## Assignment
When you reach the line below that has "Smiggle pencils and milk pencil case", start returning lines exactly, and stop after the line that has "Pig Share Spring 2015"; skip the pictures.

** Data shown follows **

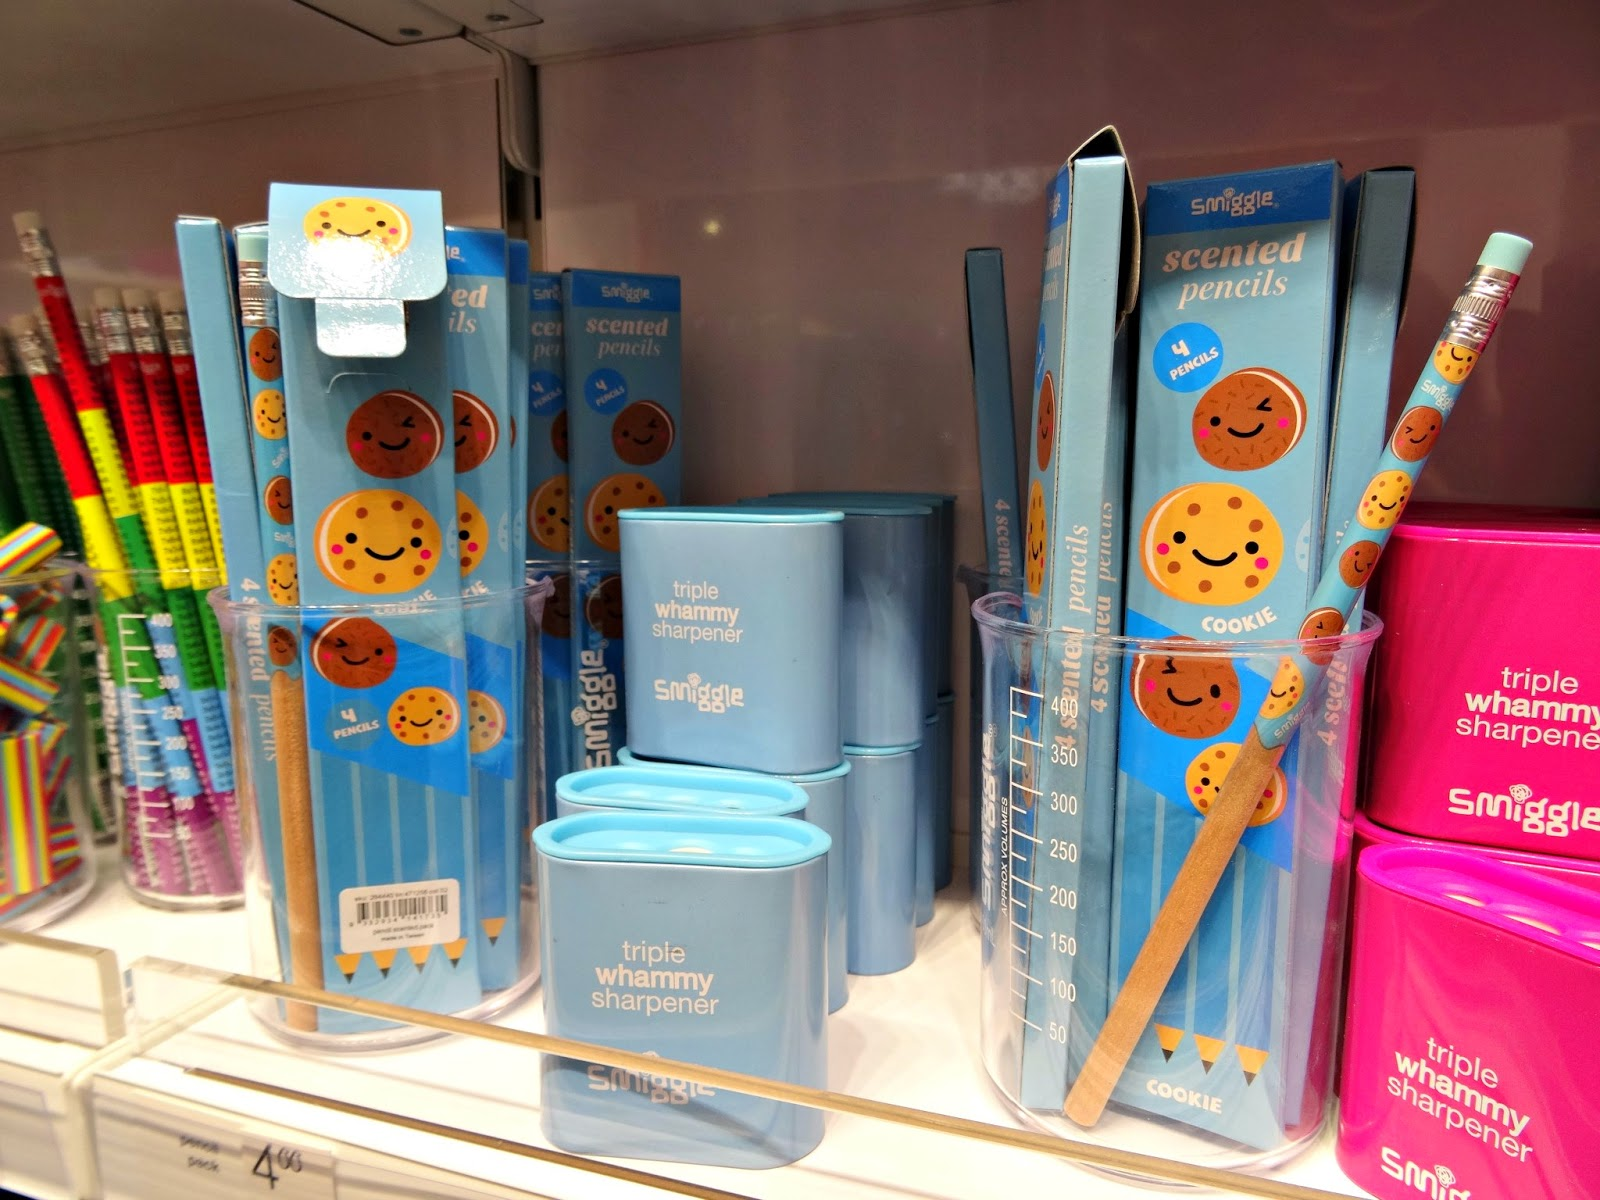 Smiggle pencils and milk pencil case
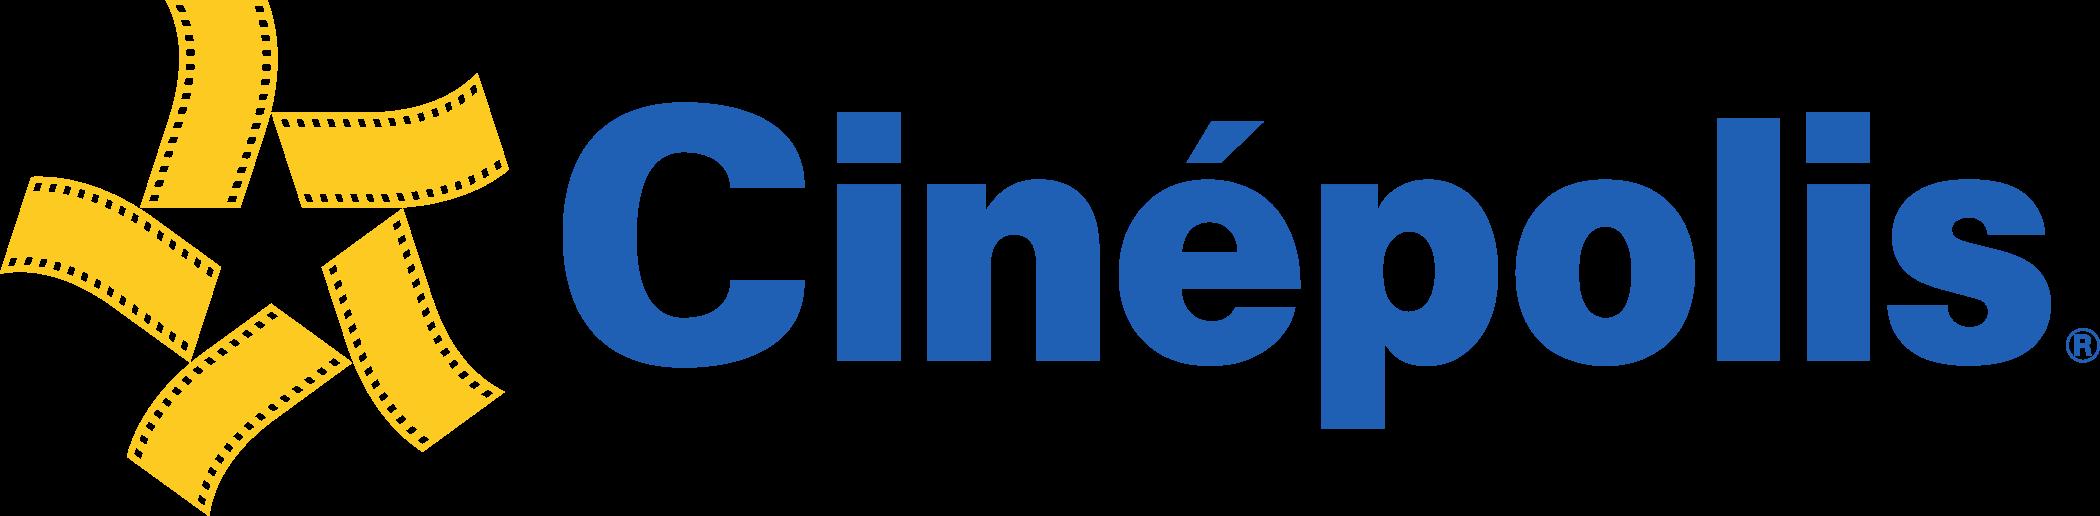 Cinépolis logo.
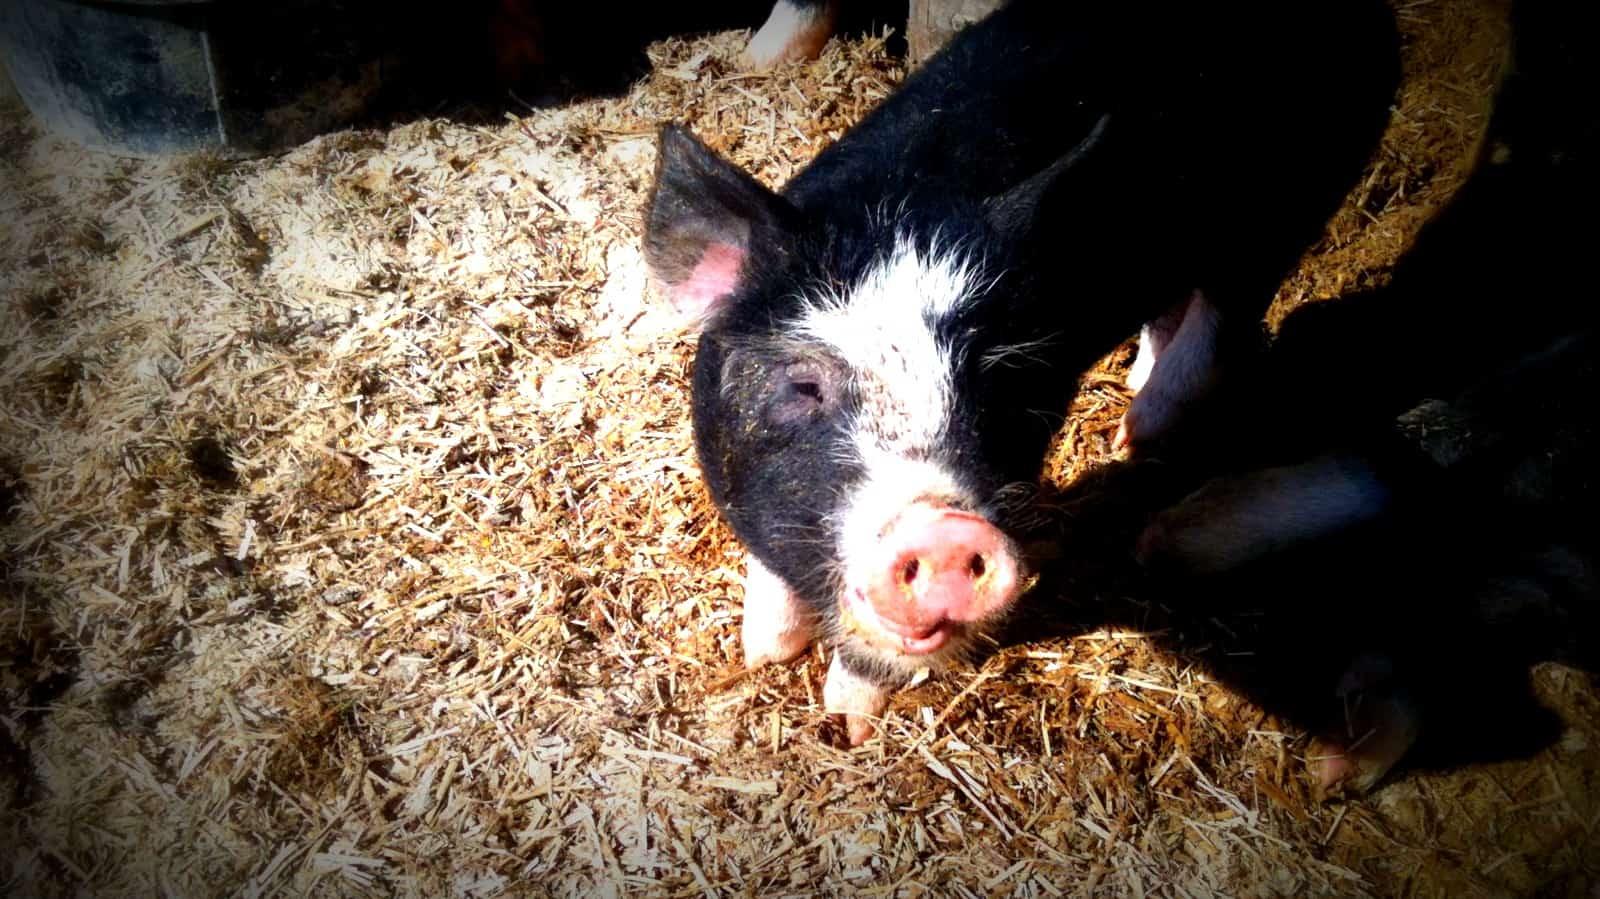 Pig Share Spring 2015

** End of Data shown **
** Data shown follows **

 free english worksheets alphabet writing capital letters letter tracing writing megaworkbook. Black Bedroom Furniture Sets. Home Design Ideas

** End of Data shown **
** Data shown follows **

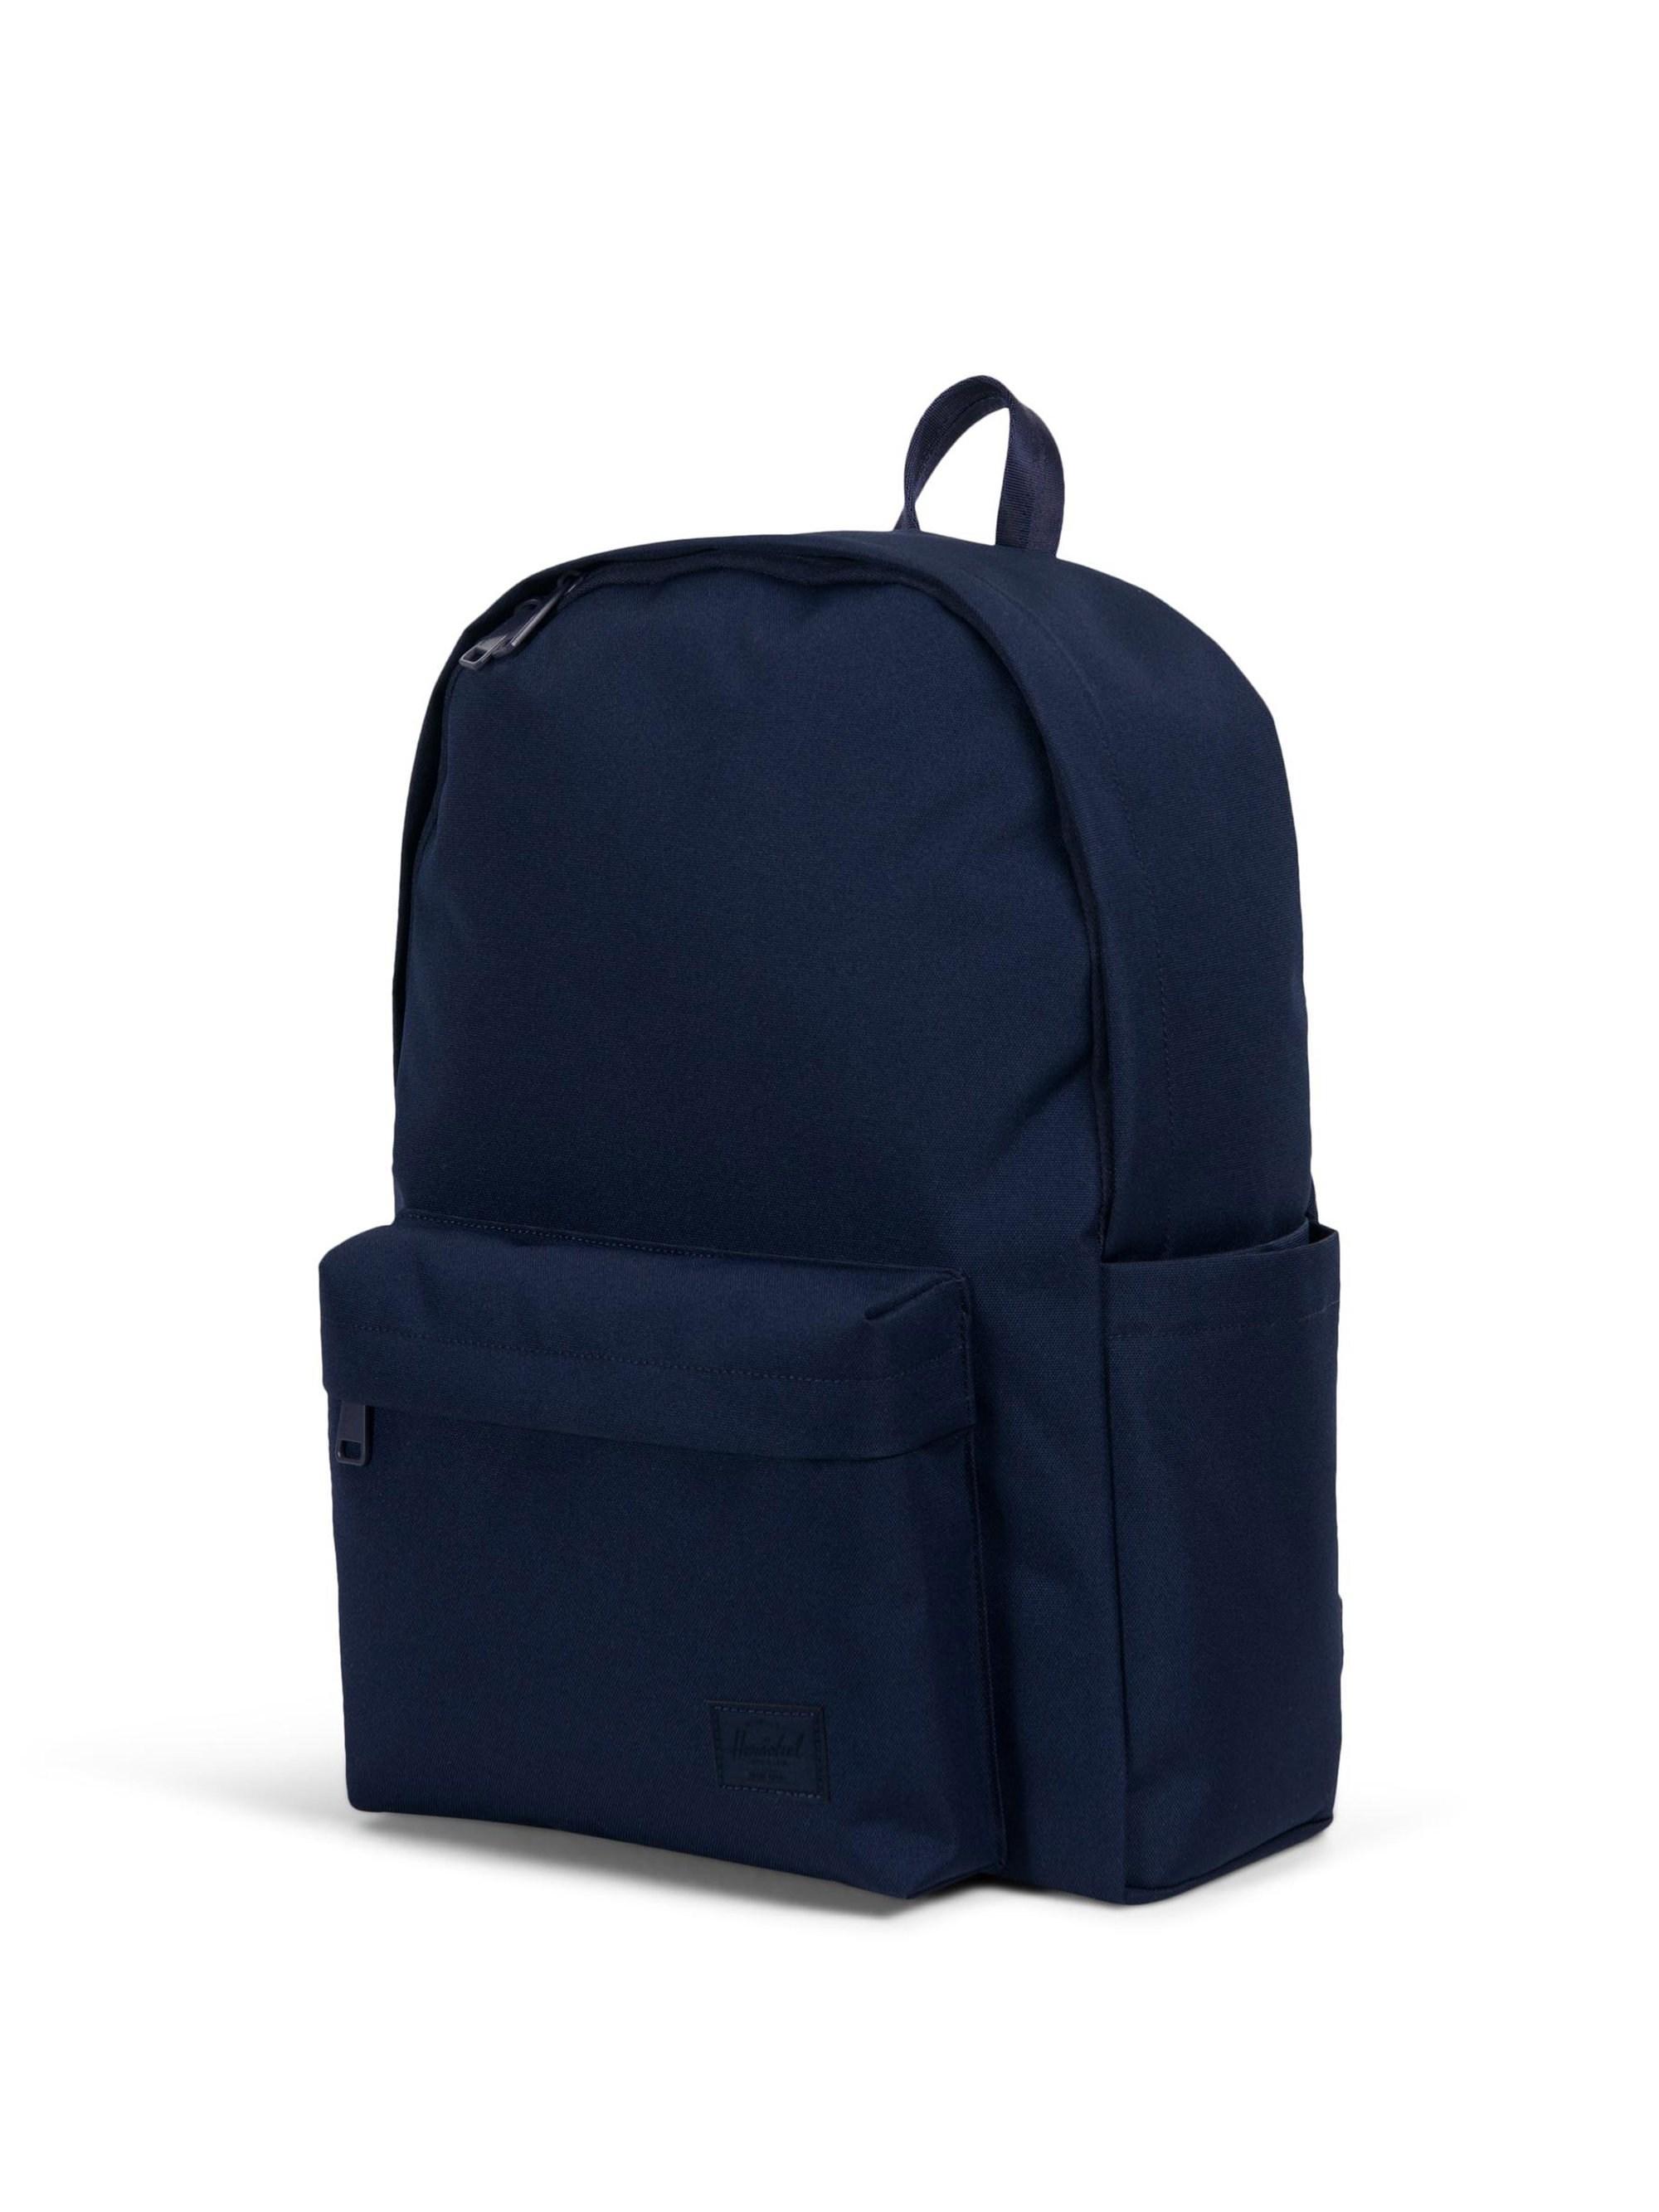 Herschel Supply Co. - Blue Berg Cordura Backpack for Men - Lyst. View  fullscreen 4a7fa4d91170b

** End of Data shown **

## Exercise result
 Smiggle pencils and milk pencil case
 Cinépolis logo.
 Pig Share Spring 2015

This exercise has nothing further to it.